Chris: Okay, and you mentioned a disadvantage neighborhood, which really means that we have to talk about a little bit of crime because Baltimore has a little bit of a bad reputation with that.

Nancy: Sure. Yeah.

Chris: Any recommendations, or an advice in terms of Baltimore from that point of view?

Nancy: If you are in the area where in the tourist attractions are, you are not going to have any big problems. Baltimore is relatively large city and so there are going to be some big city problems here. If you stay around the Inner Harbor, Fell’s Point, Canton which is a little bit farther east than Fell’s Point, Locust Point where Fort McHenry is, I think it you’ll be just fine. I’ve never felt anything bad was going to happen to me and I drive around there, and walk around there, and so on.

There are some areas in Western Baltimore and some areas in Eastern Baltimore where you might be more of a target for a crime, but if you just use big city common sense, don’t go wandering around by yourself at two o’clock in the morning, have a designated driver if you’re driving, and do all the things that you do in any other the big city, you should be just fine.

Chris: Okay, you had mentioned night life and we haven’t delivered on that yet.

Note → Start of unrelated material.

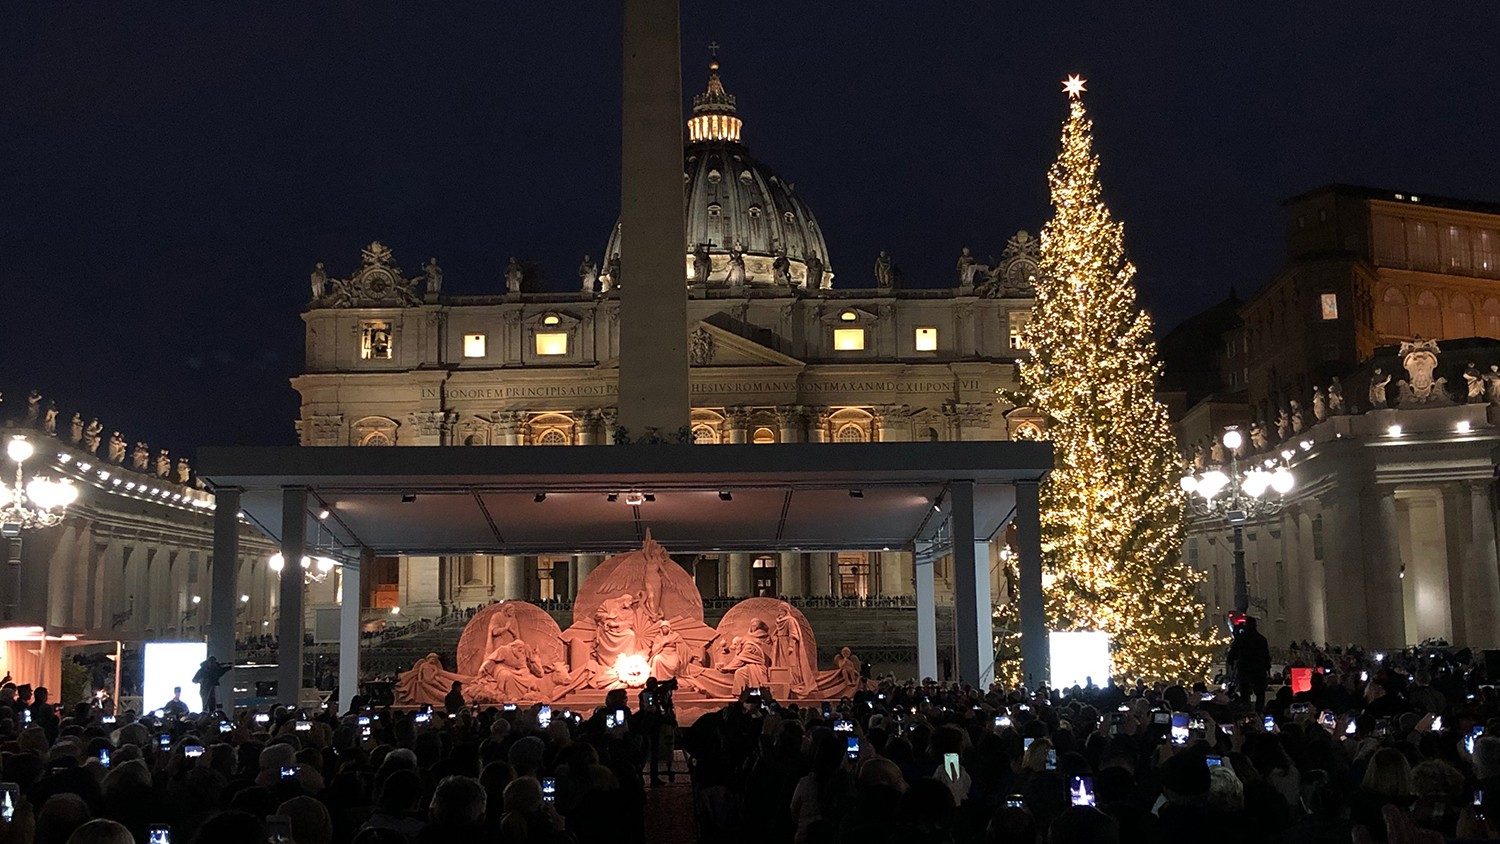 Albero Di Natale In Legno Con Presepe.Piazza San Pietro Albero E Presepe In Legno Dalle Zone Colpite Dai Nubifragi Vatican News

Nancy: This is an area where I don’t spend a lot of time as a working mom going out to bars and what have you, but there are plenty of them. As I’ve said, Fell’s Point is definitely is one of the top areas to go to. I mentioned that Canton neighborhood, that is a very much up and coming part of Baltimore there.

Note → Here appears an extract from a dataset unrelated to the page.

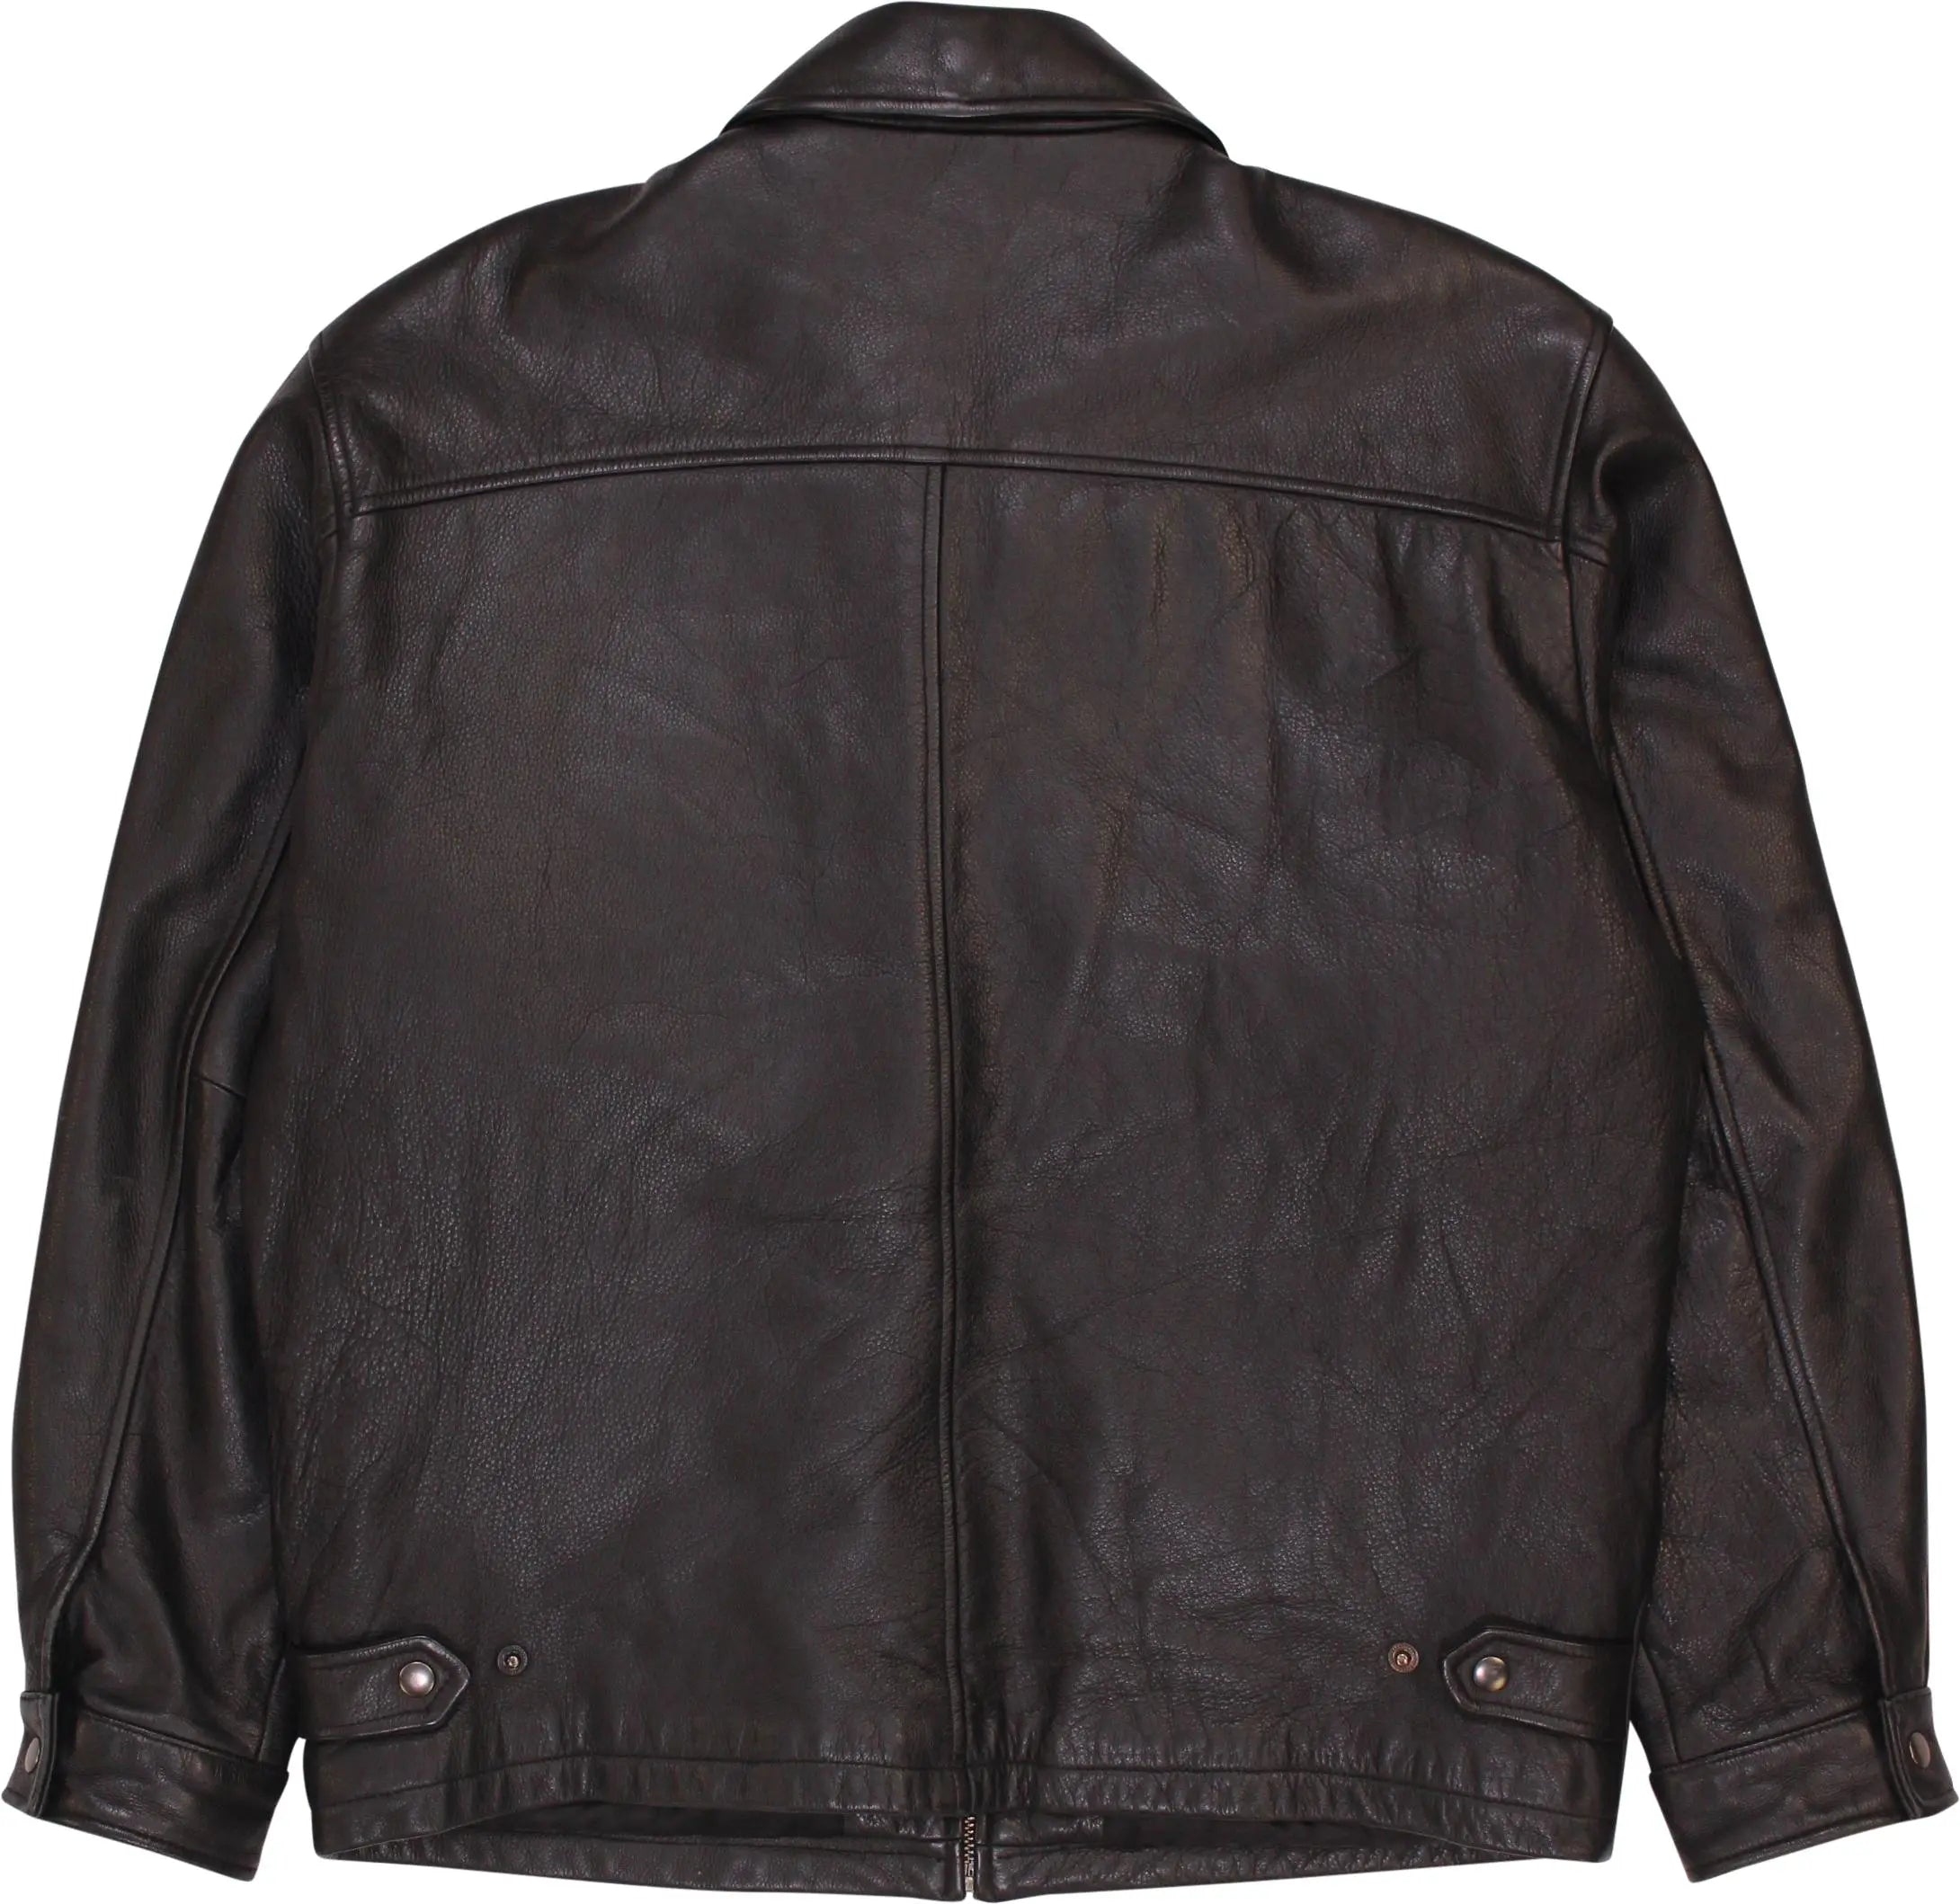 L.O.G.G. - Vintage Black Leather Jacket- ThriftTale.com - Vintage and second handclothing

There are many areas in Baltimore actually where people have rediscovered the city, maybe they group in a family that have move to the suburbs but they work in Baltimore, and they discovered that it’s really nice to live close to work in an area that is growing more vibrant with more things going on and definitely Canton falls in to that category, and so there are now more restaurants and things to do in that part of town as well. Baltimore is often called a city of neighborhoods because that’s kind of how the city grew up, so to speak.

Each neighborhood whether it centered around . . . in the old days it would be like an ethnic neighborhood, Little Italy for example and now this little areas that have been redeveloped and young families have moved in, and working couples, single folks, so there’s pretty much something going on for a night life around. The Inner Harbor area, you’ll find things few blocks away from there and then as I said, definitely consider Fell’s Point and then you might want to venture further the field.

But if somebody says to me where should I go out find a nice bar maybe I could listen to some music, go down to Thames Street or Fell’s Point. You’re bound to find something you like.

Chris: I’m standing in the prettiest spot in Baltimore. Where am I standing or what am I looking at?

Nancy: Well, I think I have two or maybe three. My prettiest spot in Baltimore is standing atop Fort McHenry and looking out into the water because I love history and I love water. And if it’s a nice sunny day at any time of year, people are probably flying kites or they’re out on boats.

Marylanders loves being on the water and people of all backgrounds buy boats and they spend time out on the Inner Harbor. They can’t bring a personal craft into the Inner Harbor but in that area around Fort McHenry and the West Channel near Locust Points, so it’s just fun to be out there and watching families do things and looking up the sky looking for seagulls and then looking out into the water and if your me, you’re imagining Francis Scott Key on that boat waiting to see what he’s getting to see the next day.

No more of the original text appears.